The Bocas del Toro Research Station (BRS) is a field station of the Smithsonian Tropical Research Institute (STRI) on Panama’s western Caribbean coast, is a platform for both marine and terrestrial biodiversity research. The station hosts a diverse group of scientists from more than 20 countries, every year.

Activities at the station contribute to the Smithsonian Institution’s primary mission: the increase and diffusion of knowledge. Visiting scientists are engaged in research on the biodiversity, ecology, paleontology and archaeology of the Bocas del Toro region. Educational and outreach activities range from hosting K-12 school groups, to specialized training for international graduate students.
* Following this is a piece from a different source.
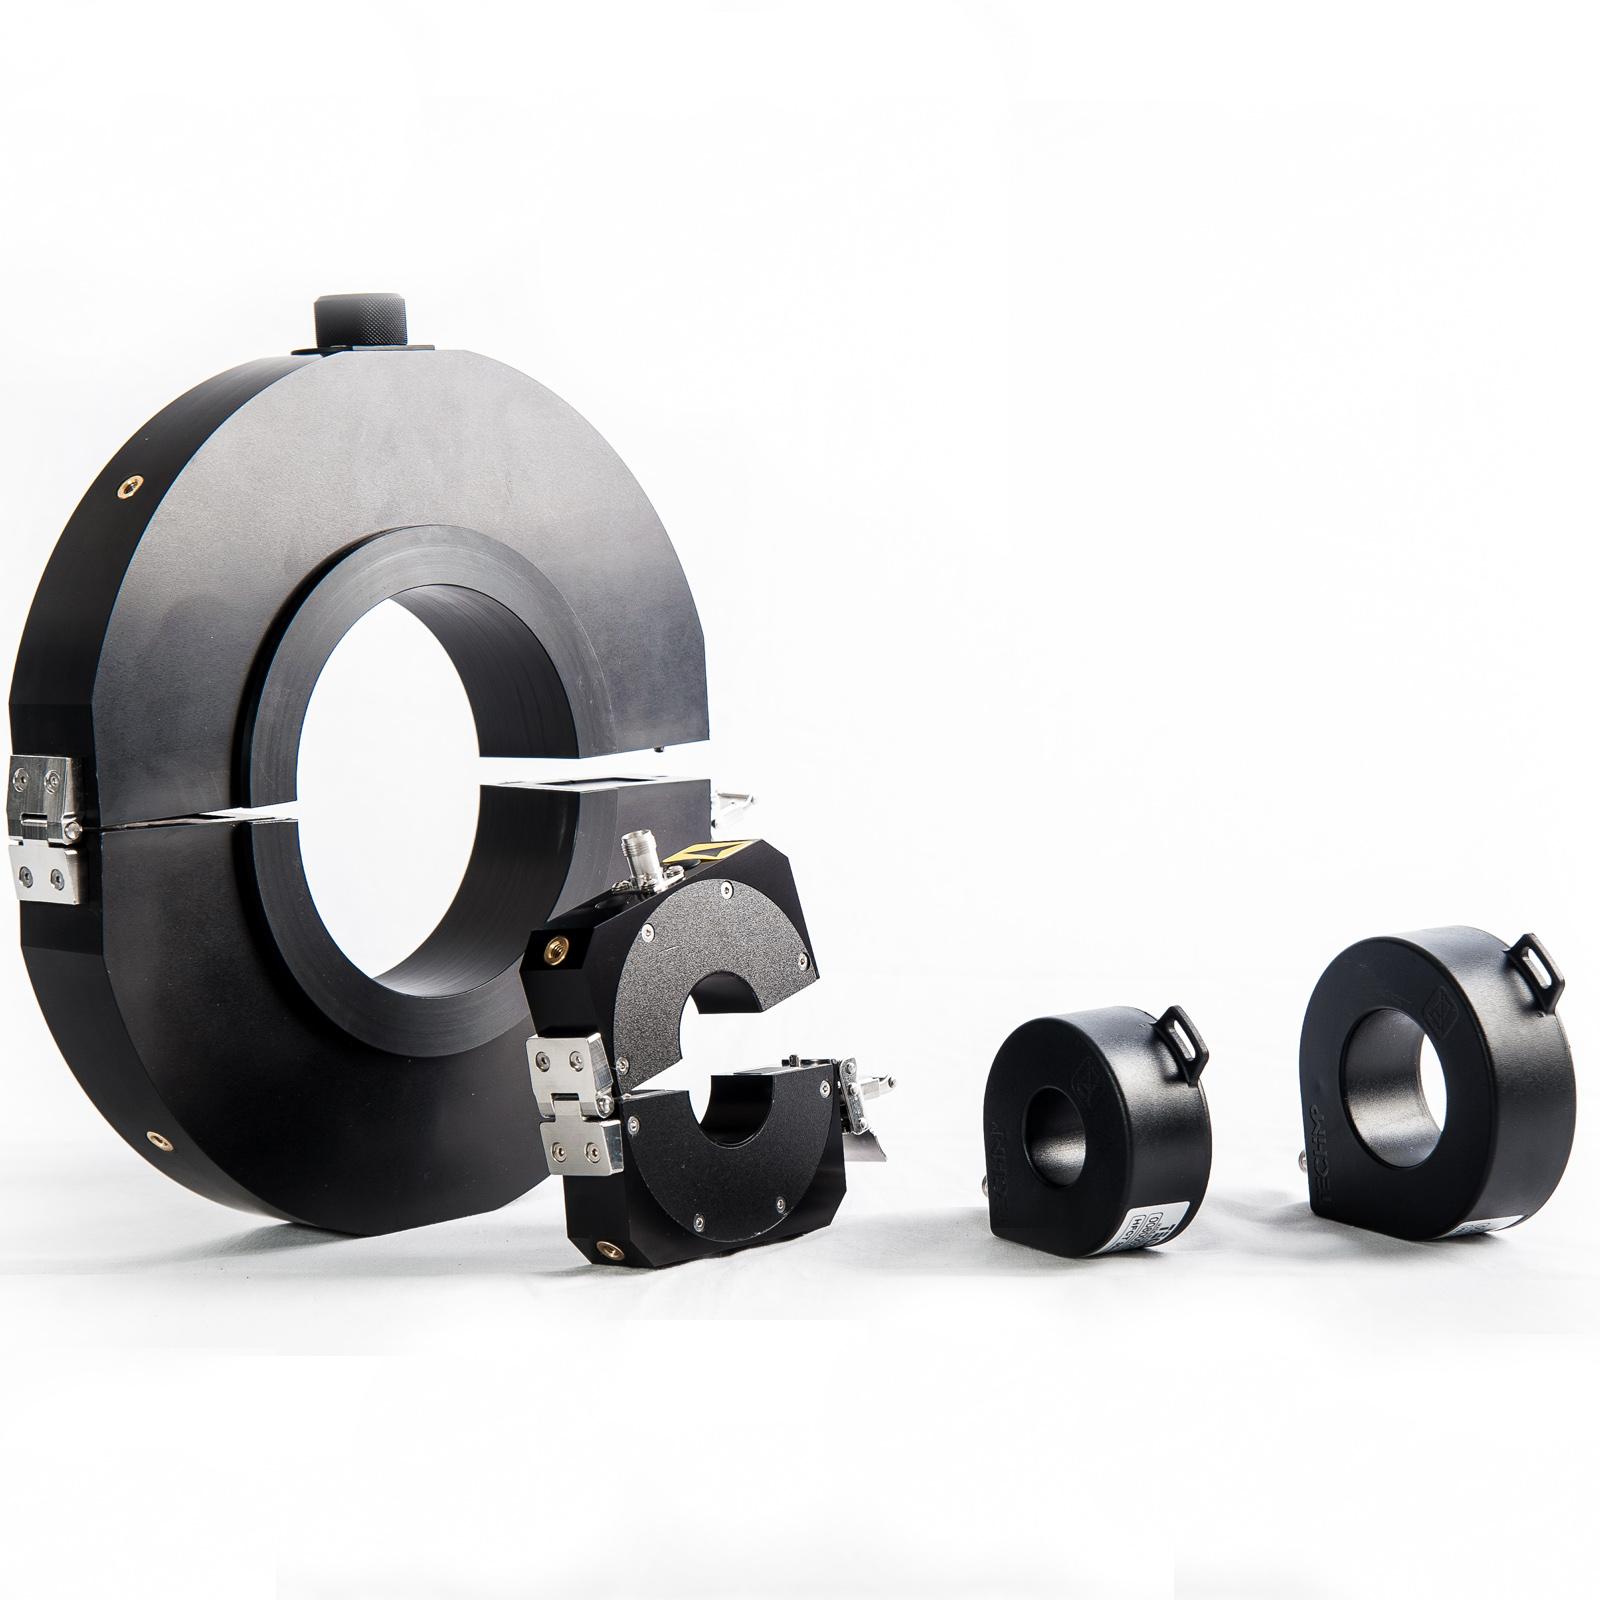 HFCT|Ø 30-50-90 mm

Founded in 1998, the BRS campus has provided field accommodation since 2002 and a fully operational research laboratory since 2003. The facilities now include a running seawater system, a new dock, boat ramp, and additional support facilities, as well as two houses to accommodate visiting researchers. The BRS is arguably the preeminent field station in the Caribbean.
Visiting scientists hold lectures that are open to the public.
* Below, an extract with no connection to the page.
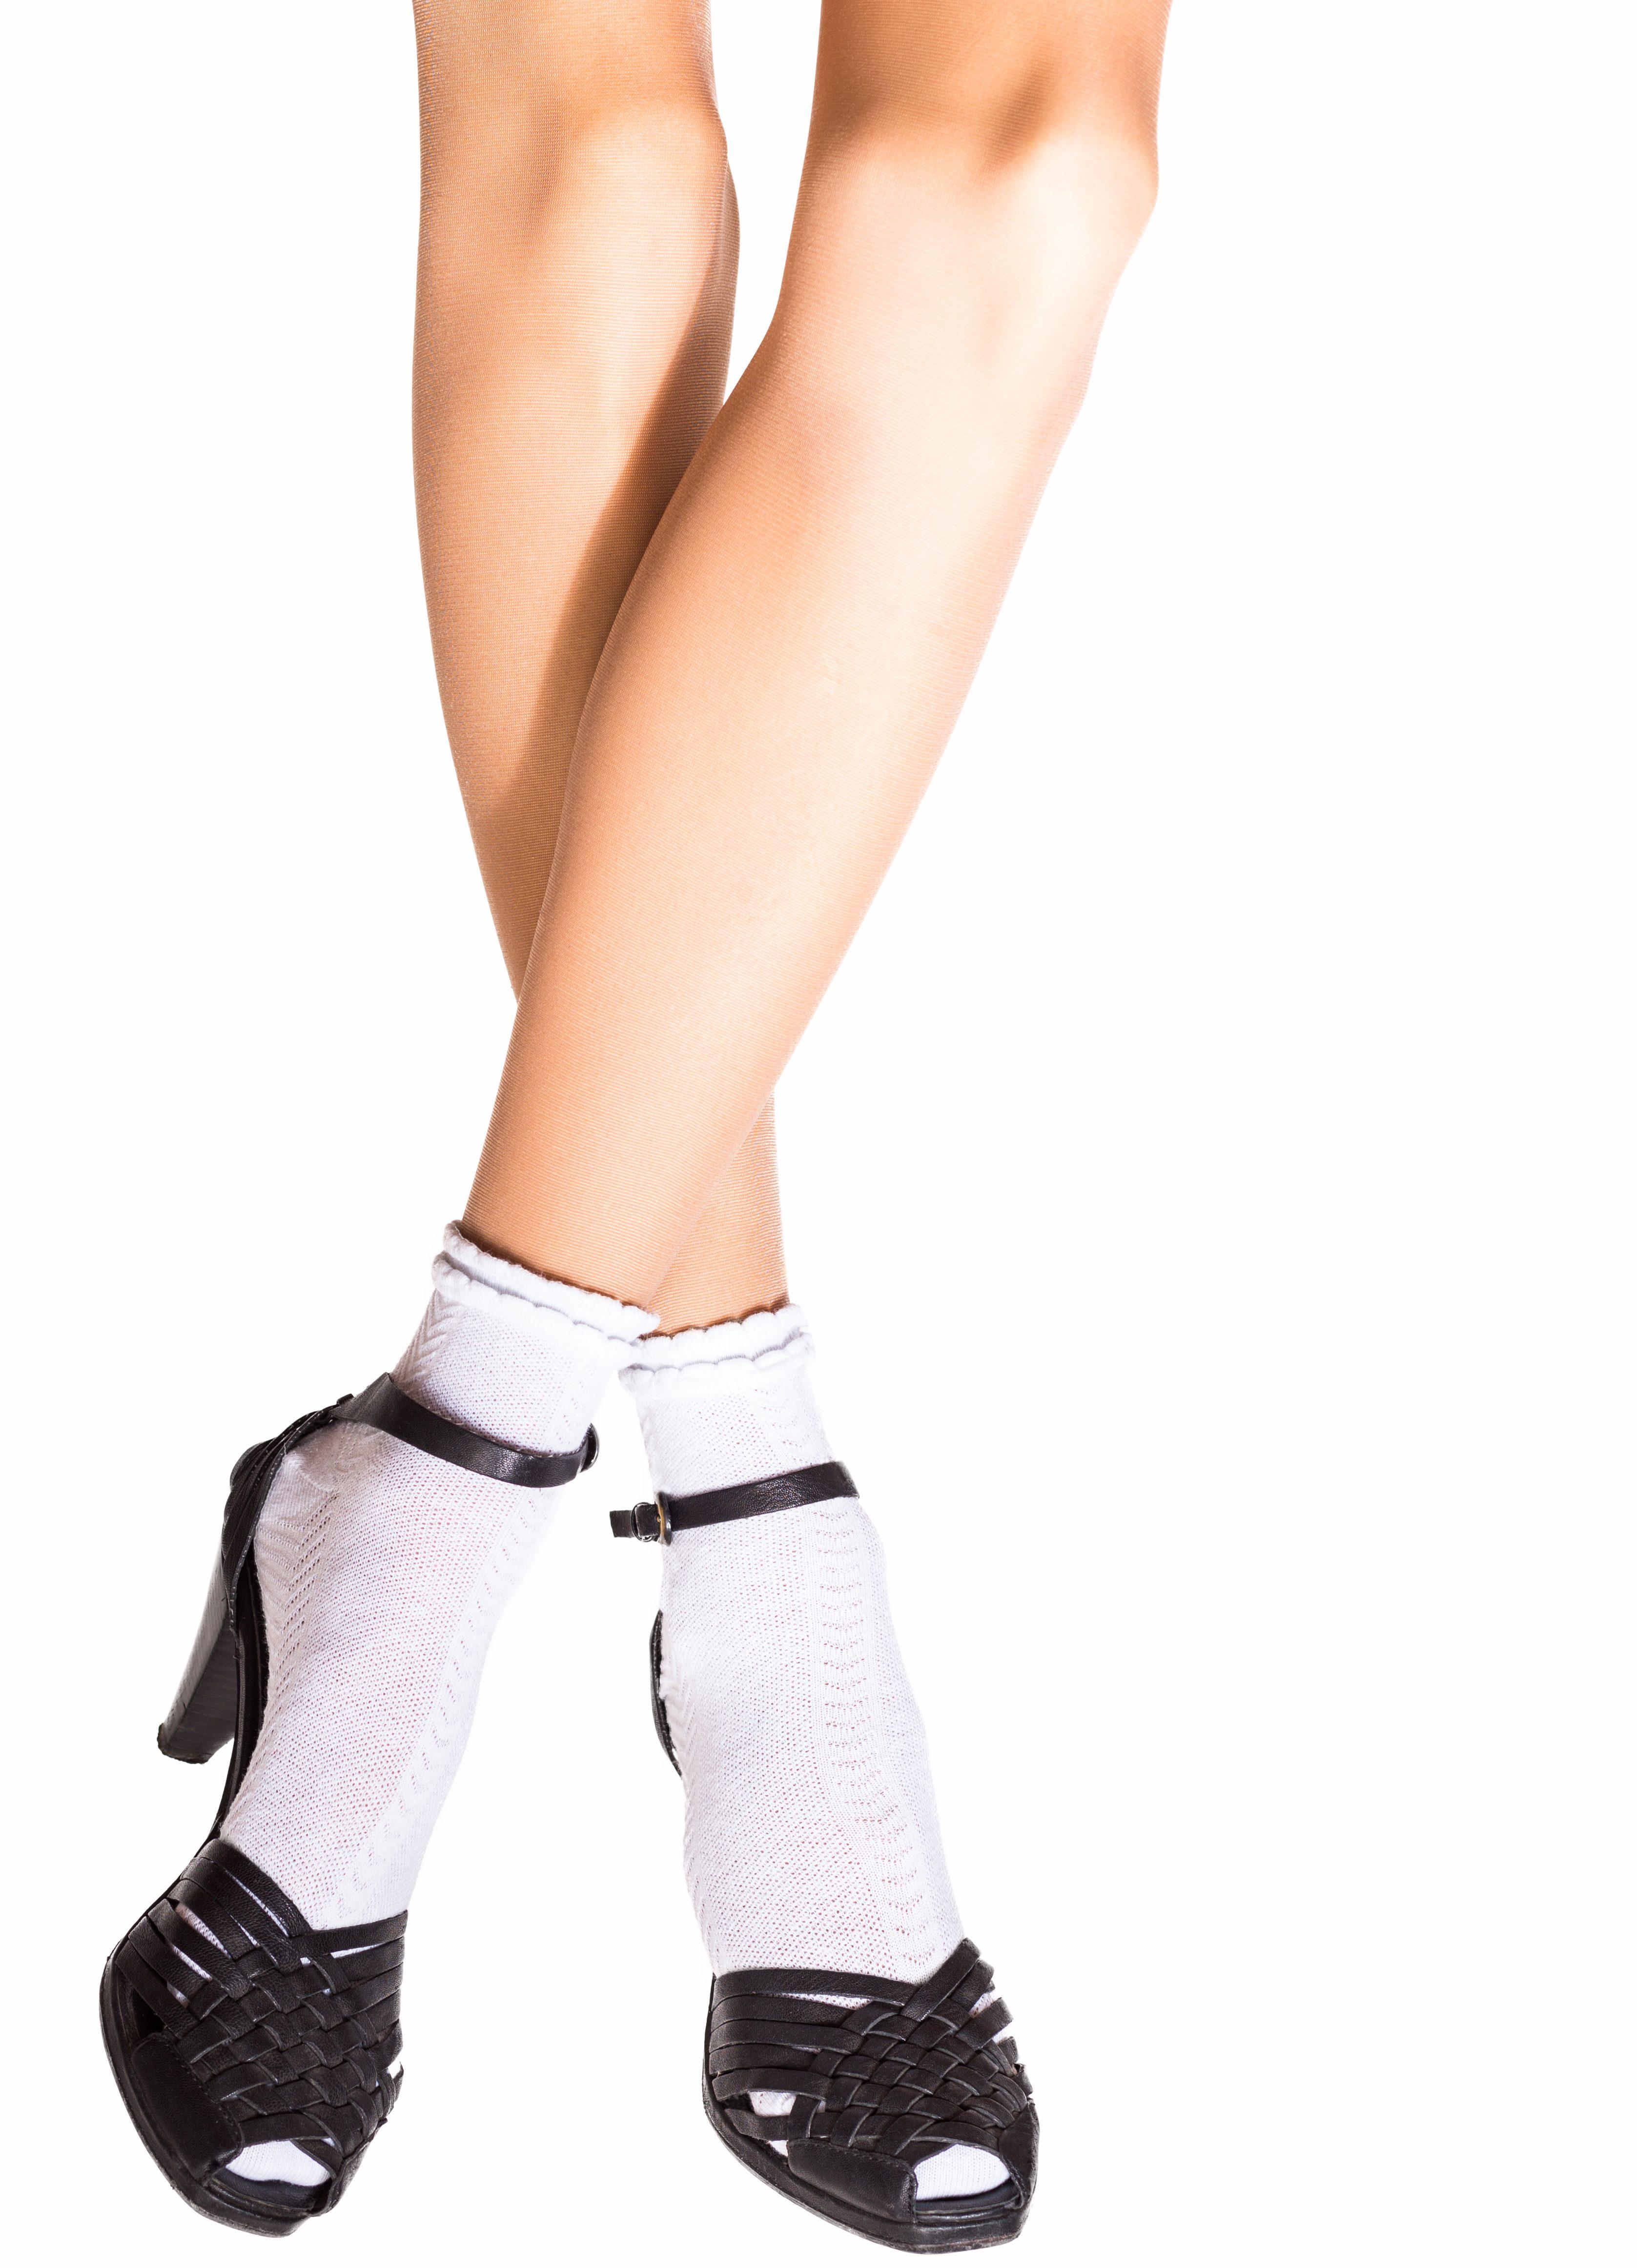 Vestir medias con zapatos o sandalias sigue de moda en esta temporada otoñal e invernal.

== Outreach, education, and training ==
Outreach and education at the Bocas del Toro Research Station spans a range of programs targeting K-12 students, university undergraduates, graduate students and young professionals. K-12 education includes visits to local schools, some of which are in remote mountainous locations, and student visits to the BRS. The station also offers a training workshop for local K-12 teachers every year, an organized beach clean-up for Earth day, and other activities for local residents.

They hold an annual Environmental Fair.

== Biodiversity database ==
The Bocas biodiversity database provides a list of plants and animals that are known to occur in the Bocas del Toro Archipelago, the Bahía Almirante, Laguna de Chiriquí, and the surrounding mainland. Users can search for a particular term or browse the database by group. Some photographs, videos, maps and audio recordings are available.

== Facts and statistics==
- Location: Isla Colon, Bocas del Toro Province, Panama
- Campus Size: 6 Hectares
- Date of Purchase: 1998
- Staff: 12 permanent staff
- Director: Dr. Rachel Collin
- Capacity: 28 resident scientists and 15 off campus researchers
- Annual Visitors: 325 scientific visitors work at the BRS every year
- Publications: 200 peer-review publications have been generated from work at the BRS since 1998
- Undergraduate Education: 9 undergraduate institutions including Princeton, Harvard, and Duke Universities teach undergraduate field classes at the BRS
- Outreach: 3000 members of the public participate in the BRS outreach activities every year
- Earth Day: Over 2 tons of garbage are collected from local beaches during the BRS beach clean-up each year

== Sources ==
- Collin R. 2005. "Ecological monitoring and biodiversity surveys at the Smithsonian Tropical Researcj Institute's Bocas del Toro Research Station". Caribbean Journal of Science 41: 367-374.